Just like online cannabis stores in Canada that require you to enter your DOB before even viewing the site. That data shows 40% of current cannabis users were born in the years 1901 & 1911, and either on January 01 or November 11.
:)
(Score: 2) by helel on Monday December 13 2021, @02:47PM
My understanding is that browser extensions work regardless of what the underlying OS is, so you can run your Chrome or Firefox extensions under macOS just as easily as you do on Windows or Linux.
This would in turn suggest that you're running a browser not available to Mac users. Edge perhaps?
(Score: 0) by Anonymous Coward on Monday December 13 2021, @08:53PM
with the "Pretty Please Do Not Track" button.
(Score: 5, Insightful) by bussdriver on Monday December 13 2021, @09:03PM (1 child)
Do Not Track needs to be a widespread feature with some specific meaning hammered out 1st. THEN you can begin to make it actually WORK once you make it have some teeth... like legislation. The EU privacy law has people going nuts with cookie notifications for permissions-- that can be adapted into this so a DO NOT TRACK setting could automatically indicate declining of tracking.
You've got to start somewhere and then tie together multiple efforts. It's not a design flaw! It's impossible for 1 party to implement privacy; the weakest point leads to failure... and multiple parties are involved. It will take serious government REGULATION. The EU began on this, the USA is dysfunctional and dying.
1st step is legally document the user's intention. Such as a PASSWORD on the device. THEN you pass anti-cracking/hacking law that makes it a CRIME to break into the device (even if the password is 1234) because the user intention and expectation has been clearly indicated (even if it's incompetently practiced.)

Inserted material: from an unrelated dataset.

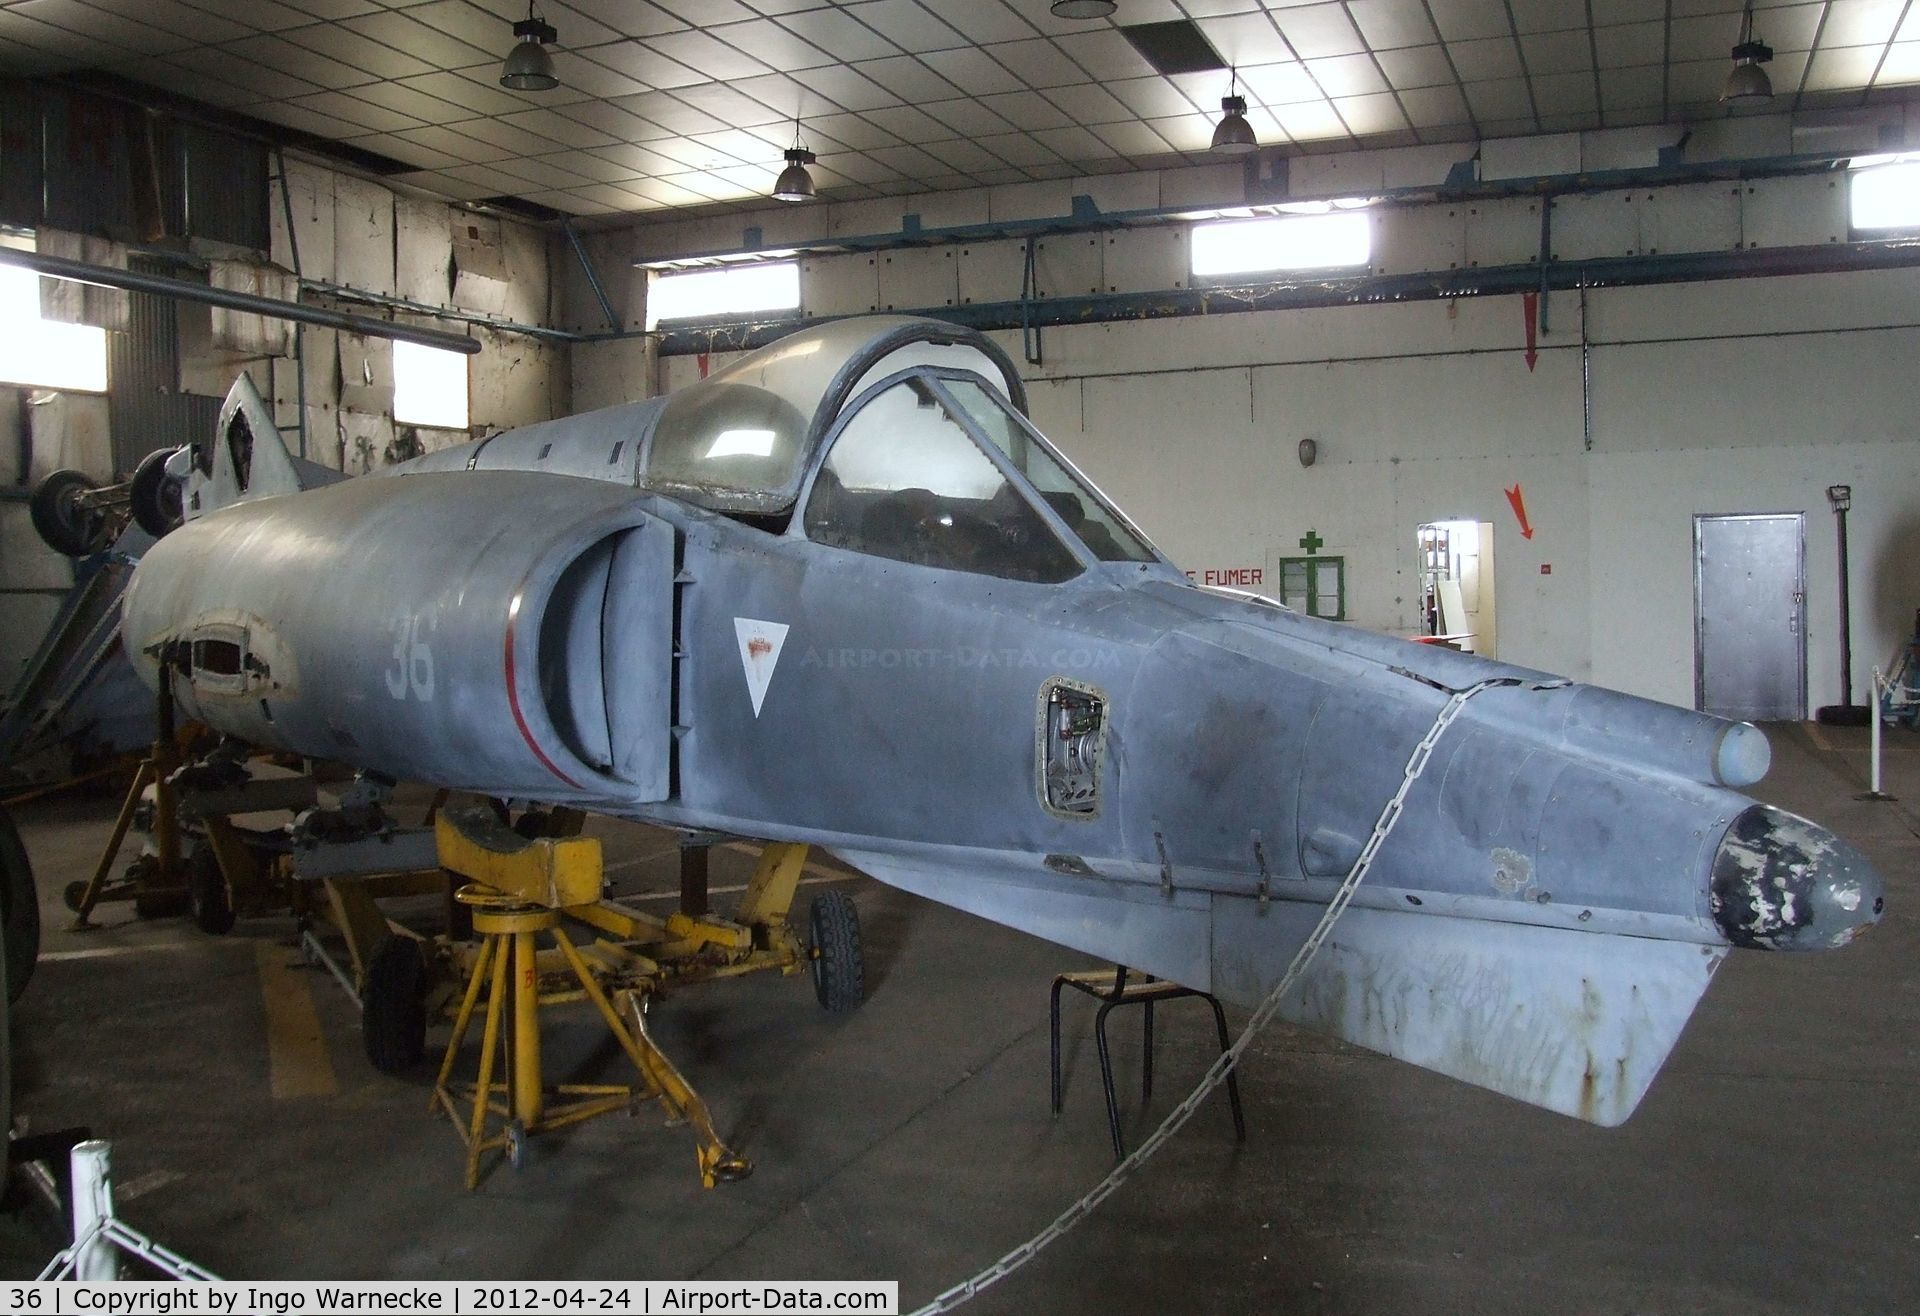 36, Dassault Etendard IV.M C/N 36, Dassault Etendard IV M (wings and tail dismounted) being restored at the EALC Musee de l'Aviation Clement Ader, Lyon-Corbas

(Score: 0) by Anonymous Coward on Tuesday December 14 2021, @09:43PM
1st party can do it though security permissions. An app nor website shouldn't be able to get battery levels unless the user allowed it to. Nor should an app fail to function without that data. And the user should be able to pipe in different battery level stats from a different source.
Remember Zone Alarm? That hugely annoying yet awesome Windows firewall? Absolutely every network connection attempt from anything was flagged by Zone Alarm and you could control what happened. That type of quality software and granularity needs to come back.
Sadly you can't trust any of the main providers. They all abuse their positions to push their own products and views. An Apple example is how they handle Bluetooth. The off button is only a short-term, limited to your current location off button. The real off switch is buried in their badly categorized settings. Plus every software update turns Bluetooth back on so they can scan your surrounding area and update their wireless maps. I've noticed Siri being harder to keep off as well.
Keep in mind most of those cookie notifications are still illegal anyway. The governments don't really care or are too busy or too underfunded to care. Something about how they default to all on, it takes far more clicks to turn things off then to accept everything, and they interfere with how you use the site. There was a Slashdot article about it. It's similar to how Obama Care would have maintained people's current plan prices but insurers decided to drop the plans and make new ones so they could charge more without raising existing prices. Technically rights protectors try but in practice they always fail.